23.02.2021
STEFAN MICKISCH VERSTORBEN
Er galt als König der Gesprächskonzerte und genoss Kultstatus nicht nur unter Wagner- und Romantikfans, von Zürich bis Wien und natürlich in Bayreuth. Auch in Gießen hatte er unter unserem Theaterpublikum treue Fans, die ihn teilweise über die gesamten 14 Jahre seiner Auftritte hier am Haus begleiteten.
Zum ersten Mal konnten wir Stefan Mickisch 2007 im Rahmen unseres 100-jährigen Stadttheater-Jubiläums erleben. Schon damals war er für seine unverwechselbare Art des „lebenden Opernführers“ während der Bayreuther Festspiele bekannt – und damit für uns der ideale Partner für unser ehrgeiziges Mammutprojekt WAGNERS RING – leicht gekürzt. Nach Gießen ließ er sich nicht etwa durch ein besonderes Honorar locken. Seine erste Frage galt dem Instrument, auf dem erspielten sollte. Wie gut, dass wir schon damals mit einem gepflegten Steinway-Konzertflügel punkten konnten. Unter der musikalischen Leitung des damaligen GMDs Carlos Spierer musizierten dann in dieser konzertanten Aufführung ein hochkarätiges Solisten-Ensemble und das Philharmonische Orchester Gießen. Stefan Mickisch führte vom Flügel aus durch sechs Stunden Wagner pur: als Erzähler, als Erklärer, als Pianist – stets im Dialog mit dem Publikum und in musikalischer Gemeinschaft mit allen Beteiligten. Die so entstandenen, inzwischen legendären RING-Aufführungen, die das Publikum mit Standing Ovations „krönte“ und in einhelligen Jubel ausbrach, „zauberten ein Hauch von Bayreuth ins Stadttheater“.
In den Jahren danach folgten Gesprächskonzerte zu HOFFMANNS ERZÄHLUNGEN, DER FLIEGENDE HOLLÄNDER, TRISTAN UND ISOLDE und ARIADNE AUF NAXOS, zudem ein Richard Strauss-Abend sowie zuletzt sein Programm, in dem er TONARTEN UND STERNZEICHEN zum Gegenstand eines unterhaltsamen Programms über Himmelskörper und die damit korrelierenden Klänge machte.
Wer ihn erlebte war gleichermaßen beeindruckt von dem begnadeten Spiel des Klaviervirtuosen wie von der Art seiner Darbietung: Mickisch beherrschte die von ihm präsentierten Werke des Musiktheaters und der Konzertliteratur bis in deren thematische Grundwurzeln – und das Meiste hatte er auswendig im Kopf, was es ihm erlaubte, frei zu sprechen und nach Bedarf Leitmotive oder verborgene Zusammenhänge aus den Tasten zu zaubern.
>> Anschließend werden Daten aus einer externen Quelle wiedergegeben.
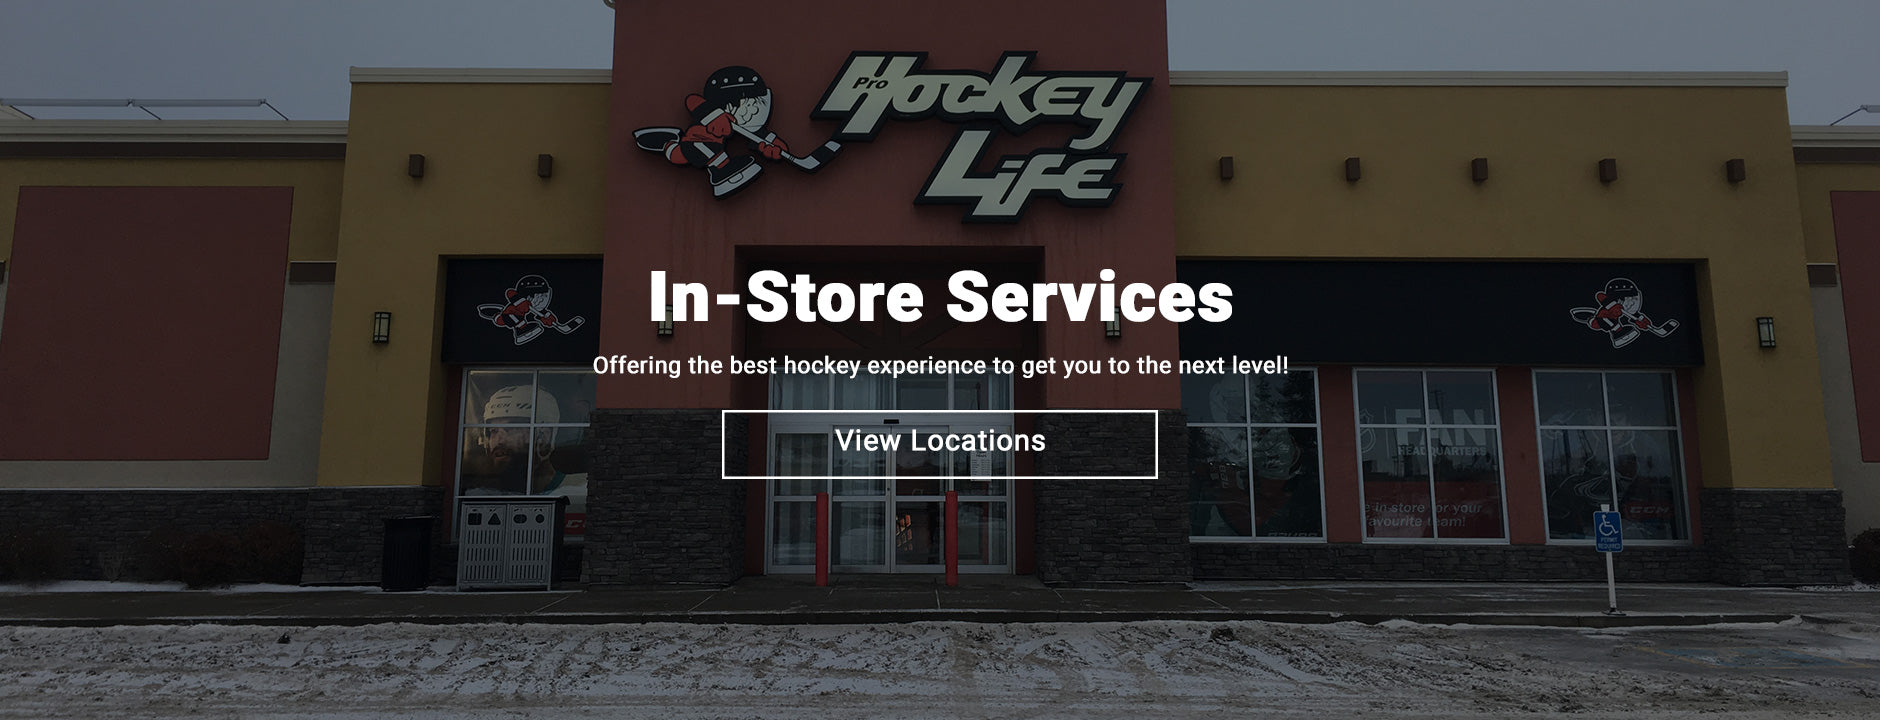 In-Store Services Pro Hockey Life
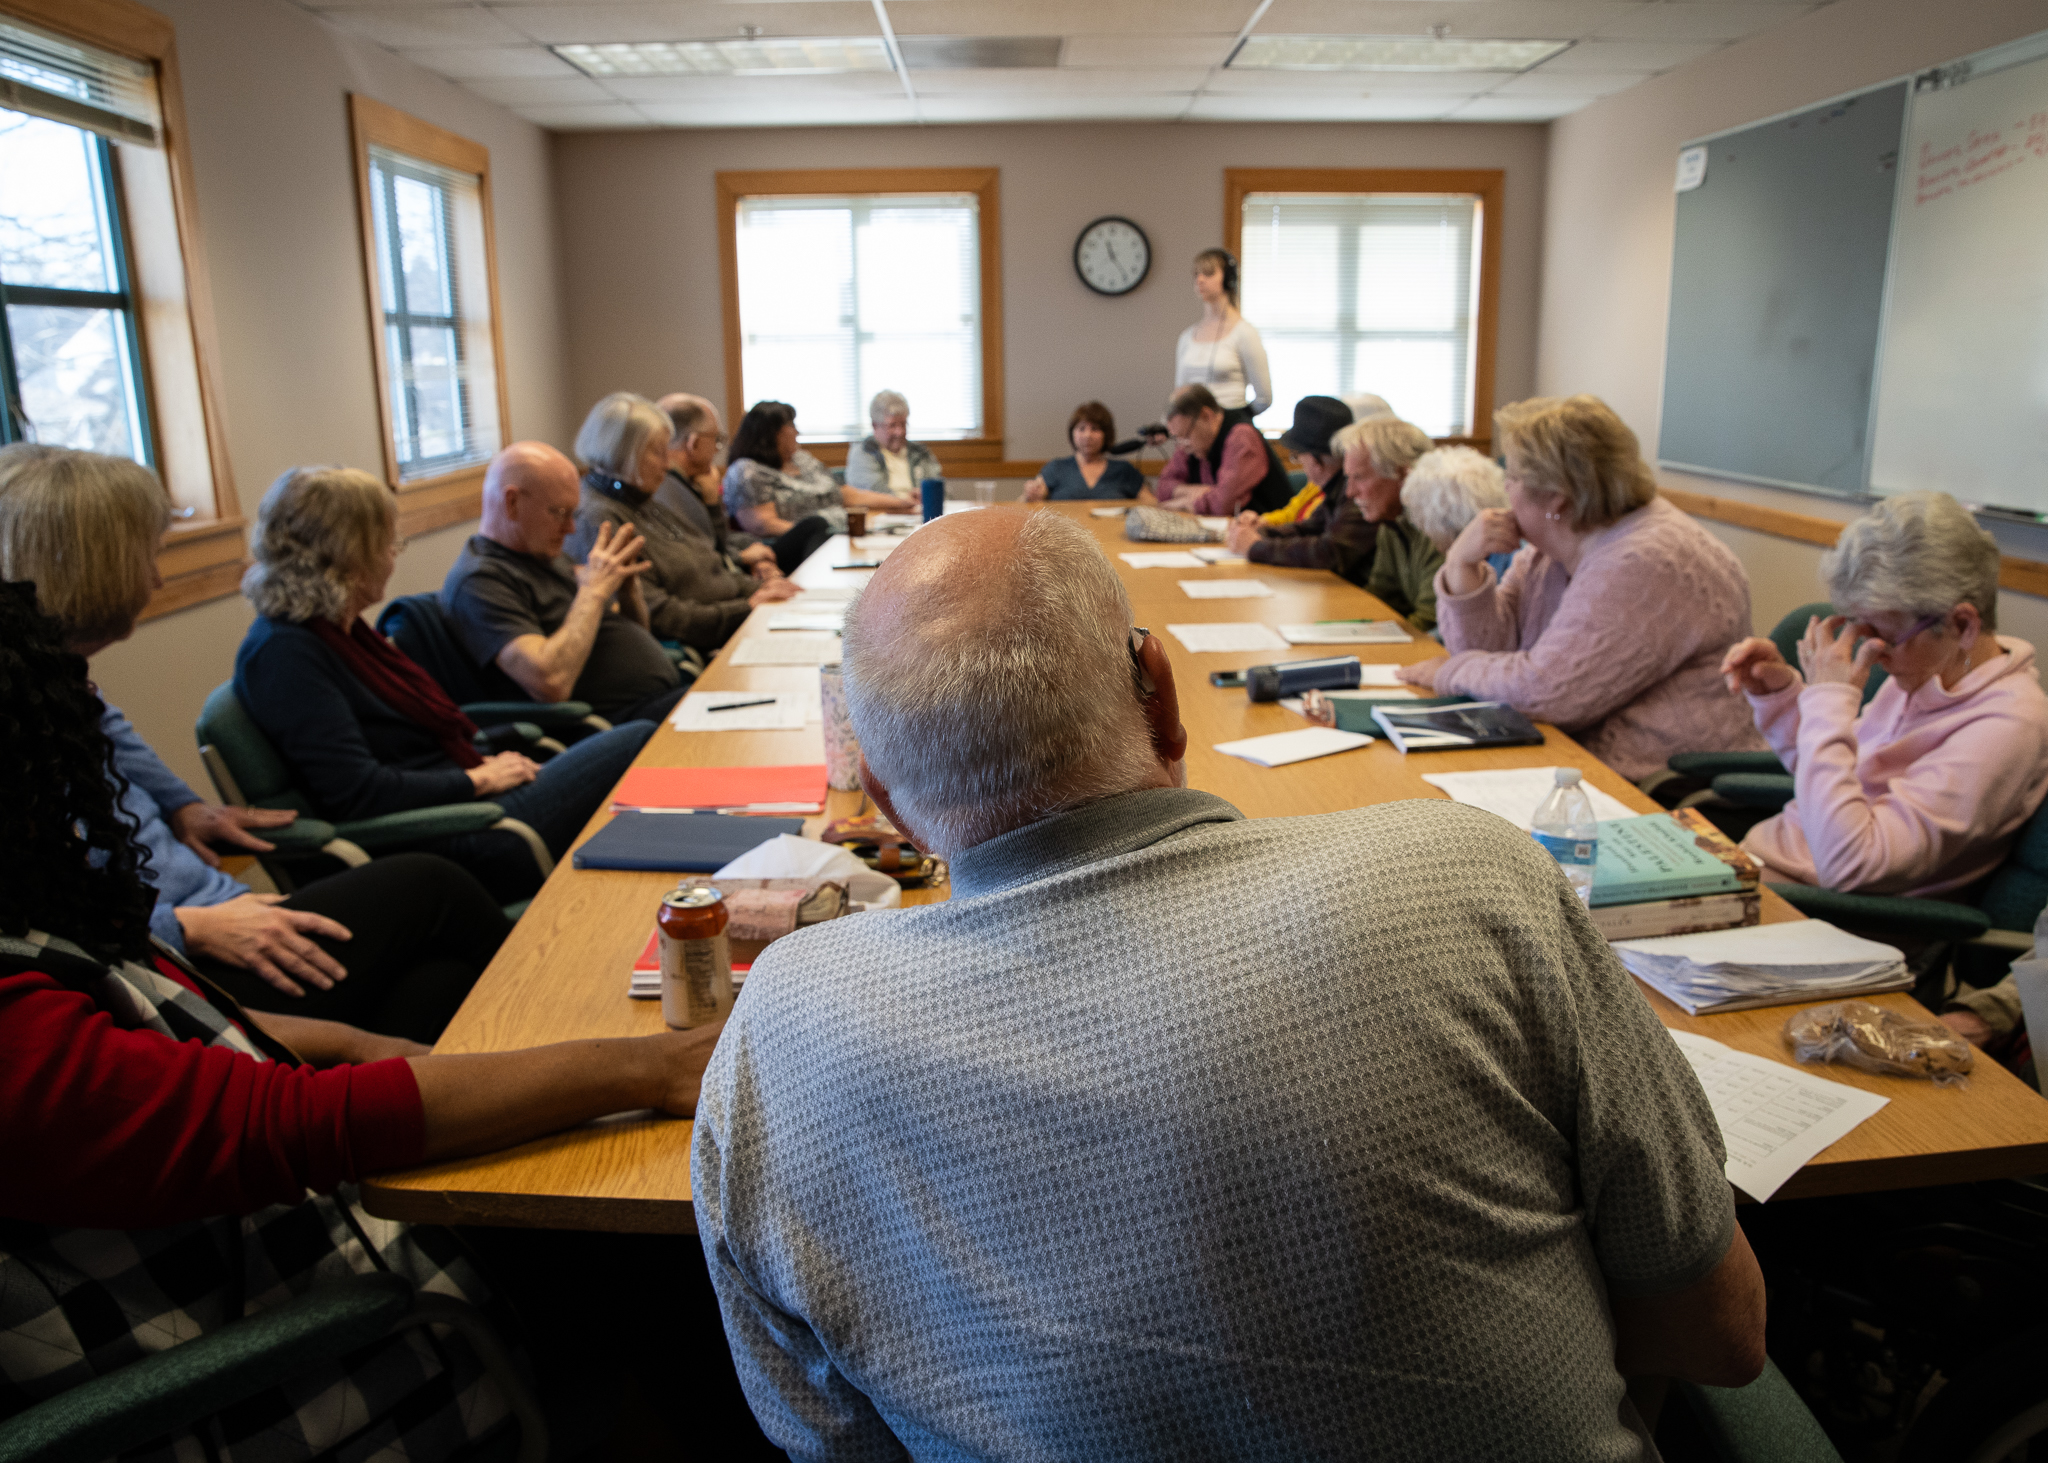 On March 14, almost two dozen participants gathered upstairs in the Port Angeles Senior and Community Center. Debate over presidential politics flourished. (Credit: Tela Moss / NWPB)

In saloppem Plauderton vermittelte Mickisch – stets auf hohem intellektuellen Niveau – die Hintergründe zu den komplexesten Werken anschaulich und machte diese auch für normale Musikinteressierte nachvollziehbar.
Und auch wenn Entwicklungen der letzten Jahre ihn partiell manchmal verzweifeln ließen und er seinen sehr eignen, sehr streitbaren Gedankengängen zu kulturpolitischen Themen, Umweltfragen oder in letzter Zeit insbesondere auch zum Umgang mit Corona freien Lauf ließ – und sich dabei teilweise verhoben hat –, worüber wir naturgemäß auch sehr angeregt streiten konnten, so bleibt Stefan Mickisch einer der ganz wichtigen Wegbegleiter unserer musikalischen Arbeit der letzten Jahre. Wir werden ihn sehr vermissen. Nie wieder werden ZuhörerInnen im Theaterpark unter dem Fenster stehen bleiben und lauschen können, wenn er sich im Repetitionszimmer im 2. Stock einspielt. Es geht ein wirklicher Freund des Stadttheaters, der niemals einen Unterschied zwischen großen Opernfestspielen und seinem Gießener Publikum machte.